**MATERIAL PROVIDED**
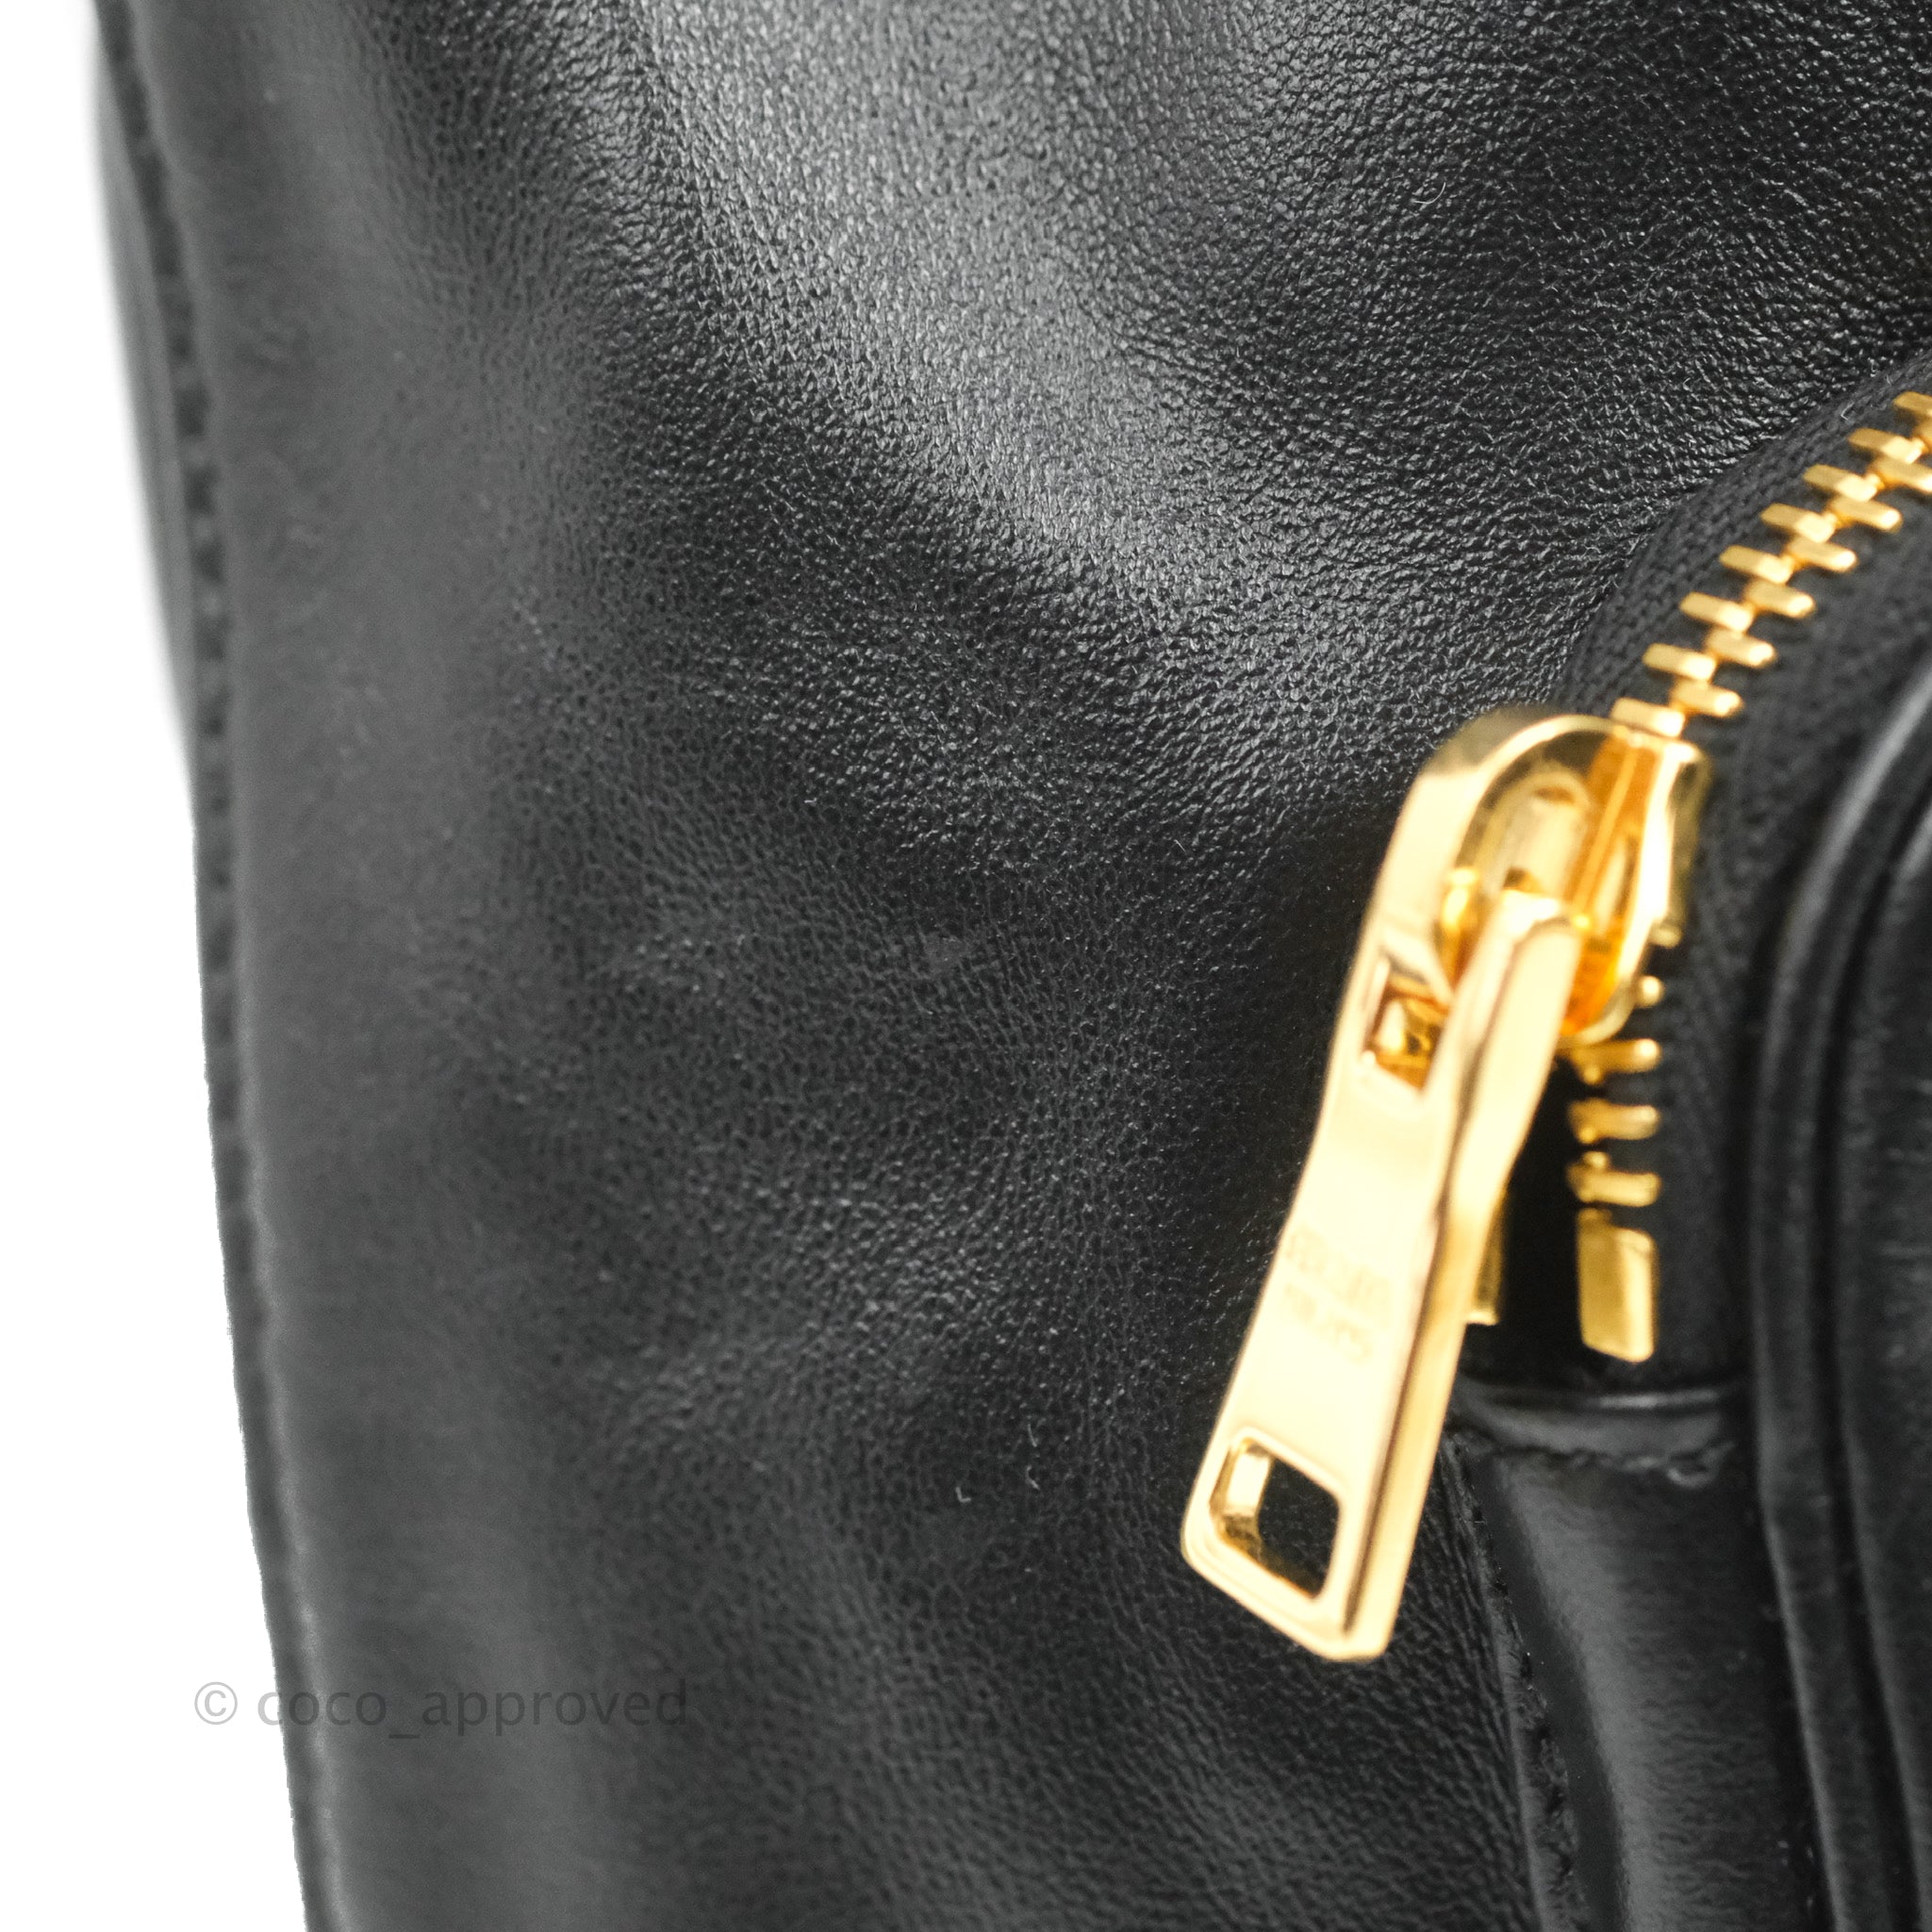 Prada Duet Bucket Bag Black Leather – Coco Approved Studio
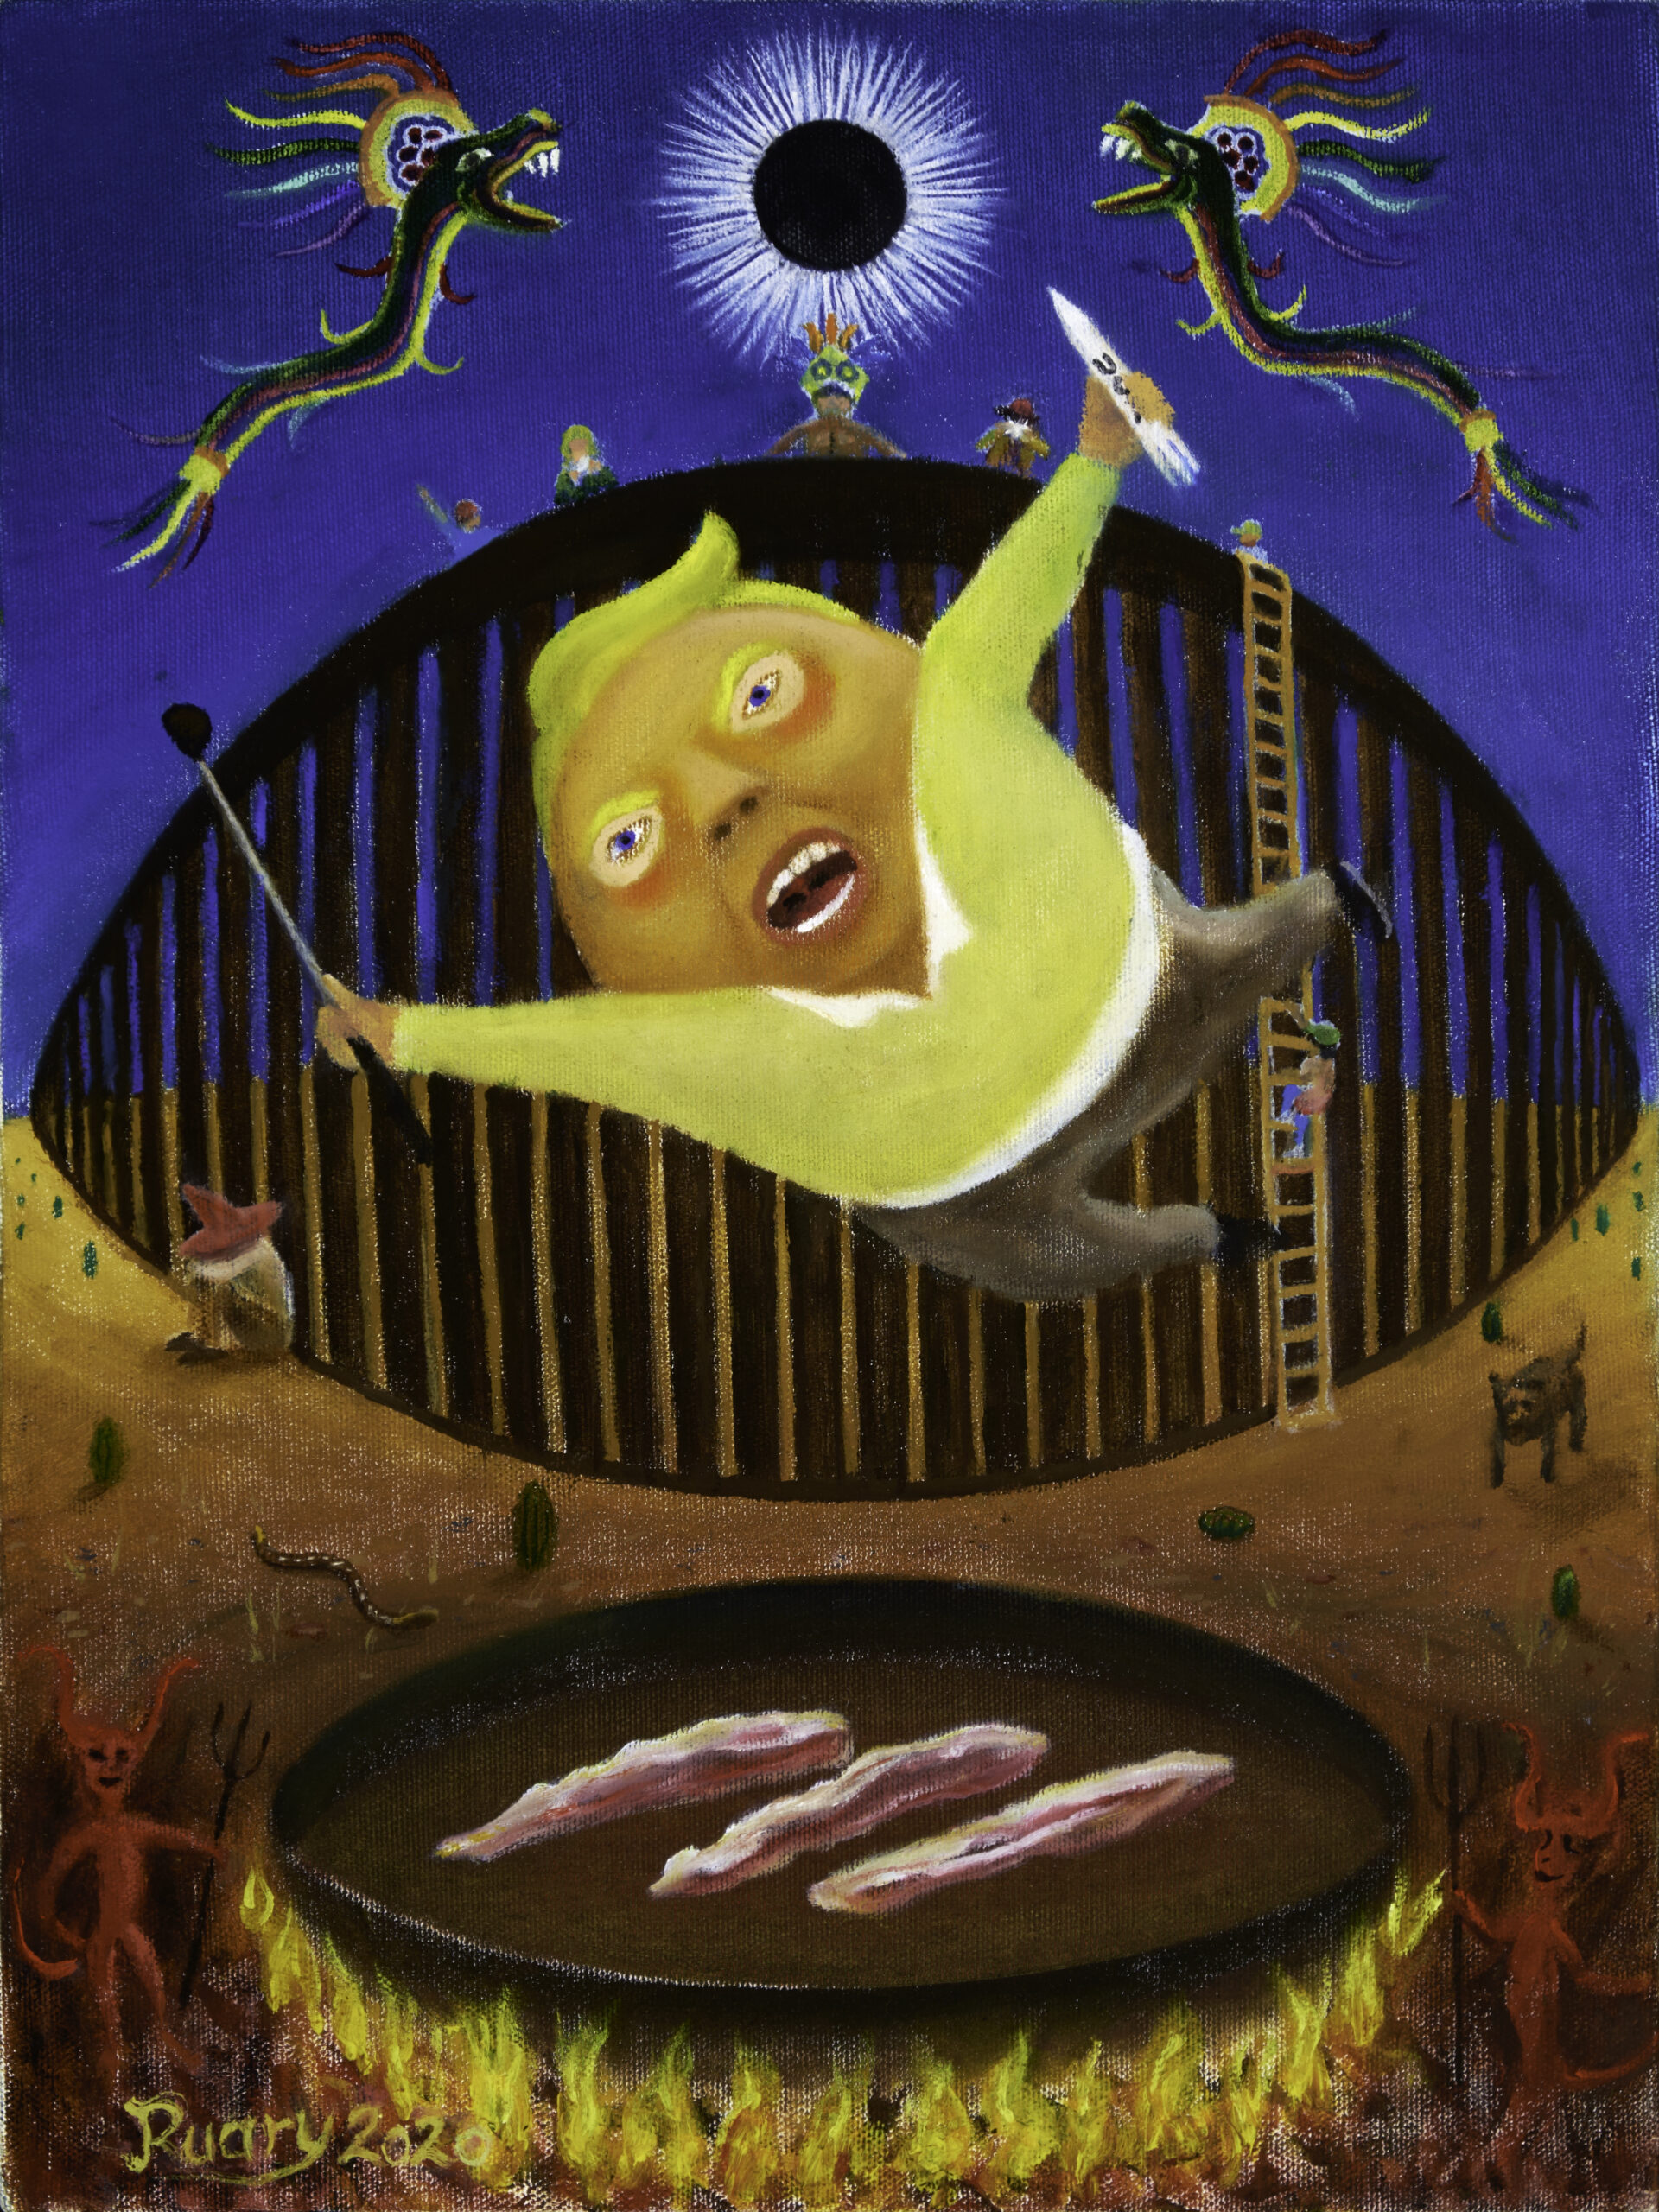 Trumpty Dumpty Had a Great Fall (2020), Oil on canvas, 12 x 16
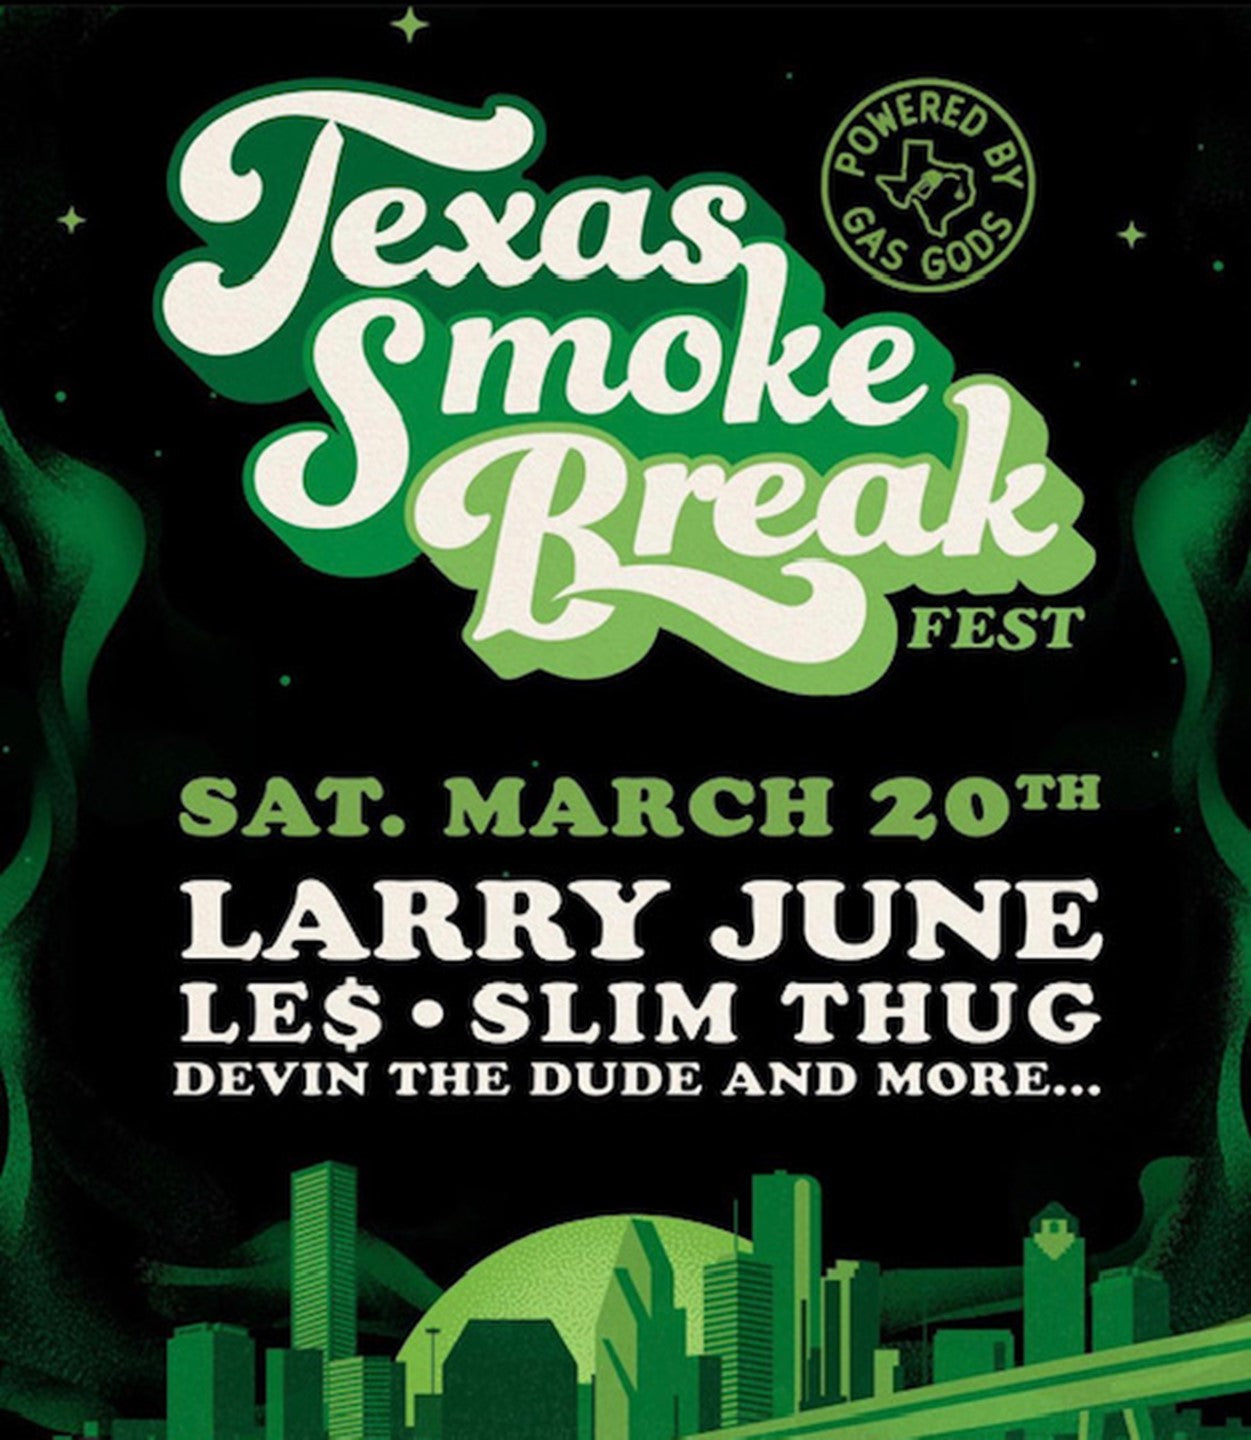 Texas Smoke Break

**TASK PROMPT**
Please write out the whole listing exactly, but not the pictures in it.

**ANSWER FOR THIS EXERCISE**
 Prada Duet Bucket Bag Black Leather – Coco Approved Studio
 Trumpty Dumpty Had a Great Fall (2020), Oil on canvas, 12 x 16
 Texas Smoke Break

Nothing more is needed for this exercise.